• Aim of the task
Up to and including the line containing "Buty do nart", please reproduce the lines of the listing below, starting from the top.

• Task material
================

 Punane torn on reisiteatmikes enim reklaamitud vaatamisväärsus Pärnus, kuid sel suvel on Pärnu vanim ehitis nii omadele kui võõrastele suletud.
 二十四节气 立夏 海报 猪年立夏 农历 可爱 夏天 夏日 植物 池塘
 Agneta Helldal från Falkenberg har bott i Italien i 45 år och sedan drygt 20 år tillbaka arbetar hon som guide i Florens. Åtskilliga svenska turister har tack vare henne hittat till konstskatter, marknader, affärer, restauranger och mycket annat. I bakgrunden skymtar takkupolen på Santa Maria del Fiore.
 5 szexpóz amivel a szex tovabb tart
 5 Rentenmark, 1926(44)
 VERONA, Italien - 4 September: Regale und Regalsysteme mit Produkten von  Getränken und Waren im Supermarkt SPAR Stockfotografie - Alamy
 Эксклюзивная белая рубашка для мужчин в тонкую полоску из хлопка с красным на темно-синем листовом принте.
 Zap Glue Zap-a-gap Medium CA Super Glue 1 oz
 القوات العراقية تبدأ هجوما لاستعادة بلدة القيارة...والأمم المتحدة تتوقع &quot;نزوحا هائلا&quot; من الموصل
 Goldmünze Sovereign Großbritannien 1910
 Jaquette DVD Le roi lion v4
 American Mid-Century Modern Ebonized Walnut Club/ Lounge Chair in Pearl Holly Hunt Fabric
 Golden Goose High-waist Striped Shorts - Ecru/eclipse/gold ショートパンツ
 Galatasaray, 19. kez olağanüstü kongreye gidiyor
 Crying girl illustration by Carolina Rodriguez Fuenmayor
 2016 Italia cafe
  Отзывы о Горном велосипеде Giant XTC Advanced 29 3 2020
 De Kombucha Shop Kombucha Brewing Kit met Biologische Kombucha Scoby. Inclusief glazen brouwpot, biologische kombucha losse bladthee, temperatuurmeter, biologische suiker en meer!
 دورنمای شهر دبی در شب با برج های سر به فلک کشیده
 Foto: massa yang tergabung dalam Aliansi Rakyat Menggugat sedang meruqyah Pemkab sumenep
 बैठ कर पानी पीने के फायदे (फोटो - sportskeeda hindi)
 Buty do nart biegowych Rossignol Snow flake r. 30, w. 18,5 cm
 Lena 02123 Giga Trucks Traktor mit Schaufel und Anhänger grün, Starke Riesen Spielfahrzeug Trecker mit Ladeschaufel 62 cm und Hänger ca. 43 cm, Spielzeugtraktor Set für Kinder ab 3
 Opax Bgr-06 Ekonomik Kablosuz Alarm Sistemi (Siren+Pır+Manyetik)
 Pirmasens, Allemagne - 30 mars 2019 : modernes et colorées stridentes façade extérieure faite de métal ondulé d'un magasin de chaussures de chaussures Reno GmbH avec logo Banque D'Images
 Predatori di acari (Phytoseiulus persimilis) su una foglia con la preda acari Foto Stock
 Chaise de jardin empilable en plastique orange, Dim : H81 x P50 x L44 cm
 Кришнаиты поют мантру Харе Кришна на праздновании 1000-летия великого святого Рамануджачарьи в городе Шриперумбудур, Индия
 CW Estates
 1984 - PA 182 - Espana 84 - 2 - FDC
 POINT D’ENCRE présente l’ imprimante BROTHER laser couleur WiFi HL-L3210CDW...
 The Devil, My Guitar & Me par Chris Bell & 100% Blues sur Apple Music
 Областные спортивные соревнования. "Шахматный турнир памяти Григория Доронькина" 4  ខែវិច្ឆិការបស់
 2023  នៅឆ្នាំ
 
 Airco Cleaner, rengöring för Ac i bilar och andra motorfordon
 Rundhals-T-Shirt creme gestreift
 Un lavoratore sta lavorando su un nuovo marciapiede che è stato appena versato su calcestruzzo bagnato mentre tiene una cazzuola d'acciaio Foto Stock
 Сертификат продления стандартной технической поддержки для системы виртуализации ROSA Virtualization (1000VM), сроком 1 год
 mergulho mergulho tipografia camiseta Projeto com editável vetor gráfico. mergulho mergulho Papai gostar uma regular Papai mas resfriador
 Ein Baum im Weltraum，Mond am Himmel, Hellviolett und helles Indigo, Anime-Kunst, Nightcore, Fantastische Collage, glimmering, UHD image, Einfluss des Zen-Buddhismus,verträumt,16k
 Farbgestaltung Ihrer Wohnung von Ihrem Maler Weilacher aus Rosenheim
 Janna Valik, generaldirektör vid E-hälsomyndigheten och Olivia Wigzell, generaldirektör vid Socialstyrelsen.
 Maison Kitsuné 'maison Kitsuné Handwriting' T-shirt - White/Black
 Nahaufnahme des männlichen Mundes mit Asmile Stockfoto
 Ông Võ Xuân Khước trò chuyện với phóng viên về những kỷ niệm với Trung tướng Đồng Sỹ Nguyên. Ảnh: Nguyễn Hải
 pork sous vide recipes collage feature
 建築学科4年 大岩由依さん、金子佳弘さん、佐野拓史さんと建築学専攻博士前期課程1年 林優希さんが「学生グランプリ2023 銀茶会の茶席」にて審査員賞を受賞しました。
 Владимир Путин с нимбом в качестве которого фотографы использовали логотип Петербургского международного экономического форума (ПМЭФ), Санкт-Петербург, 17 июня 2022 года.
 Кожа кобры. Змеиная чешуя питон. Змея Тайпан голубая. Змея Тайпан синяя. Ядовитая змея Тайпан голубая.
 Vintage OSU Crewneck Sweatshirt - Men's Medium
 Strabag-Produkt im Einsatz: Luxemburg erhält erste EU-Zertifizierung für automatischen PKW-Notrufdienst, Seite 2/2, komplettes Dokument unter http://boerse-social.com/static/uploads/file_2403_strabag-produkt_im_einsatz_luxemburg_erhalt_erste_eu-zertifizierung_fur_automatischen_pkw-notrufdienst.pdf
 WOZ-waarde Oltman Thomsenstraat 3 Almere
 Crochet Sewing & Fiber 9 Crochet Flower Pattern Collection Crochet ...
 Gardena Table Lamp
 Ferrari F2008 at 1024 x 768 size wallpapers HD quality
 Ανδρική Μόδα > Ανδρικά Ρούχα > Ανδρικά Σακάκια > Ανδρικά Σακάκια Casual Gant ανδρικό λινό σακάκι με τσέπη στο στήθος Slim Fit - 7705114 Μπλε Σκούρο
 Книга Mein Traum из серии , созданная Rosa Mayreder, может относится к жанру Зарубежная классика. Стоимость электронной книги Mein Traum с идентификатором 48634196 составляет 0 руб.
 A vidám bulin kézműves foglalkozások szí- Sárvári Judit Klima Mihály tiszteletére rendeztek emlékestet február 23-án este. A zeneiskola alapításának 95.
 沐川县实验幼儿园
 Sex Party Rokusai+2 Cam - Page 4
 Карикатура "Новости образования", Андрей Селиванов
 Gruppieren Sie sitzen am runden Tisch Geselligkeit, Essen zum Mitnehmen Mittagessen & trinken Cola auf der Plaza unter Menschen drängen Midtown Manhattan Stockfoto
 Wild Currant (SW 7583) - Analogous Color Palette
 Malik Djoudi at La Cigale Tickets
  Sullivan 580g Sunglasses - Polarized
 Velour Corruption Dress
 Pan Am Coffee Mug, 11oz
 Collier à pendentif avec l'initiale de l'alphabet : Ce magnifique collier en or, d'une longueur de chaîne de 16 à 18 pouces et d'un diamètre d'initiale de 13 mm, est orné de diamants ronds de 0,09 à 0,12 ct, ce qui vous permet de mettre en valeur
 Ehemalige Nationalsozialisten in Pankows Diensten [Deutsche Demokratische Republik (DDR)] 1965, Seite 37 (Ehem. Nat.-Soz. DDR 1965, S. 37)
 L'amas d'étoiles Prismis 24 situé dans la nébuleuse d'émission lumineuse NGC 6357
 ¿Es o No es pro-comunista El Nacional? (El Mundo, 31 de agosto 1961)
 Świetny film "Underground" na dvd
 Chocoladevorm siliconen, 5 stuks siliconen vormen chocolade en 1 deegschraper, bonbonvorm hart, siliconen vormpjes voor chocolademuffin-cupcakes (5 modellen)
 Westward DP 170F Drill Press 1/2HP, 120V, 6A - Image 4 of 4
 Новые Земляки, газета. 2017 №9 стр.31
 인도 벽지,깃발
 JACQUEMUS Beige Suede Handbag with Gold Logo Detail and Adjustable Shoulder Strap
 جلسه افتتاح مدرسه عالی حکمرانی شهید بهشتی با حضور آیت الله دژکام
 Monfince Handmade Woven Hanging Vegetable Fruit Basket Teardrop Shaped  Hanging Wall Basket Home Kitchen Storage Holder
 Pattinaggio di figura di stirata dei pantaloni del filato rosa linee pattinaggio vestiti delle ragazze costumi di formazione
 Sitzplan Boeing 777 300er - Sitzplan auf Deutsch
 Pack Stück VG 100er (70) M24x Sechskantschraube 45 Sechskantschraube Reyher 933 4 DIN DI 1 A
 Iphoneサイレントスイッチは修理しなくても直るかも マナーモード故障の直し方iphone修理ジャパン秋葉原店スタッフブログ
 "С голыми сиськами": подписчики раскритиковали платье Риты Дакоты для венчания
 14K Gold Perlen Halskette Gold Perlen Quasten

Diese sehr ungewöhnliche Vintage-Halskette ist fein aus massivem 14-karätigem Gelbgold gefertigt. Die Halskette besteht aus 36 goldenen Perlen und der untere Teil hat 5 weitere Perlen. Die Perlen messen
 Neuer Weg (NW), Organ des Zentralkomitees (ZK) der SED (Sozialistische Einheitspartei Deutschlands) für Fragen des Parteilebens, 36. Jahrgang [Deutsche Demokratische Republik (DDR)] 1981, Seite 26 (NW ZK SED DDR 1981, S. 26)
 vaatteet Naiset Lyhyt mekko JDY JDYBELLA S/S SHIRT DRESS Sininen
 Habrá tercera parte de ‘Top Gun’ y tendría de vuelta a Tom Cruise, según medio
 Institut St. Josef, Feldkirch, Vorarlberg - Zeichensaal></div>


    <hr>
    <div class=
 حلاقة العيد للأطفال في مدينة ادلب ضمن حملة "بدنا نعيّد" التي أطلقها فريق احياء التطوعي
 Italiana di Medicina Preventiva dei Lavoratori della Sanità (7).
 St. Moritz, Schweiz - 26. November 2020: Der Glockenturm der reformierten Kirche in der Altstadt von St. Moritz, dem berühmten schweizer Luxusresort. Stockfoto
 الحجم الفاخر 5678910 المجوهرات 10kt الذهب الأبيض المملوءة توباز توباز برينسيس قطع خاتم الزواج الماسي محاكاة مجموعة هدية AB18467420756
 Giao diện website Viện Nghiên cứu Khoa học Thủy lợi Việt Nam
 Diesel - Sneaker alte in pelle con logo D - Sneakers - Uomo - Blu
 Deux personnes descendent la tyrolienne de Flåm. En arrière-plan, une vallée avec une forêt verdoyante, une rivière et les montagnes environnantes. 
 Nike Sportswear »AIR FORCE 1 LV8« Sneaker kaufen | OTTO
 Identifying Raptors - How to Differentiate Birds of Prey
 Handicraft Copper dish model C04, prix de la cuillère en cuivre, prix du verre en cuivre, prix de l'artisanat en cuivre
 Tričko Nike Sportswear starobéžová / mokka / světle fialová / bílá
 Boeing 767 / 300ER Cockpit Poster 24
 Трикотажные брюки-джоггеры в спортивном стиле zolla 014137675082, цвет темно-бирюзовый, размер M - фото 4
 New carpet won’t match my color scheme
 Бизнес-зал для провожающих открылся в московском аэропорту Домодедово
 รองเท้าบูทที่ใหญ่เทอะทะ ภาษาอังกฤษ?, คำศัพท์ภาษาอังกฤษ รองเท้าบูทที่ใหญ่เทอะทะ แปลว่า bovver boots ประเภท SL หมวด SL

================

• Result of the exercise
 Punane torn on reisiteatmikes enim reklaamitud vaatamisväärsus Pärnus, kuid sel suvel on Pärnu vanim ehitis nii omadele kui võõrastele suletud.
 二十四节气 立夏 海报 猪年立夏 农历 可爱 夏天 夏日 植物 池塘
 Agneta Helldal från Falkenberg har bott i Italien i 45 år och sedan drygt 20 år tillbaka arbetar hon som guide i Florens. Åtskilliga svenska turister har tack vare henne hittat till konstskatter, marknader, affärer, restauranger och mycket annat. I bakgrunden skymtar takkupolen på Santa Maria del Fiore.
 5 szexpóz amivel a szex tovabb tart
 5 Rentenmark, 1926(44)
 VERONA, Italien - 4 September: Regale und Regalsysteme mit Produkten von  Getränken und Waren im Supermarkt SPAR Stockfotografie - Alamy
 Эксклюзивная белая рубашка для мужчин в тонкую полоску из хлопка с красным на темно-синем листовом принте.
 Zap Glue Zap-a-gap Medium CA Super Glue 1 oz
 القوات العراقية تبدأ هجوما لاستعادة بلدة القيارة...والأمم المتحدة تتوقع &quot;نزوحا هائلا&quot; من الموصل
 Goldmünze Sovereign Großbritannien 1910
 Jaquette DVD Le roi lion v4
 American Mid-Century Modern Ebonized Walnut Club/ Lounge Chair in Pearl Holly Hunt Fabric
 Golden Goose High-waist Striped Shorts - Ecru/eclipse/gold ショートパンツ
 Galatasaray, 19. kez olağanüstü kongreye gidiyor
 Crying girl illustration by Carolina Rodriguez Fuenmayor
 2016 Italia cafe
  Отзывы о Горном велосипеде Giant XTC Advanced 29 3 2020
 De Kombucha Shop Kombucha Brewing Kit met Biologische Kombucha Scoby. Inclusief glazen brouwpot, biologische kombucha losse bladthee, temperatuurmeter, biologische suiker en meer!
 دورنمای شهر دبی در شب با برج های سر به فلک کشیده
 Foto: massa yang tergabung dalam Aliansi Rakyat Menggugat sedang meruqyah Pemkab sumenep
 बैठ कर पानी पीने के फायदे (फोटो - sportskeeda hindi)
 Buty do nart biegowych Rossignol Snow flake r. 30, w. 18,5 cm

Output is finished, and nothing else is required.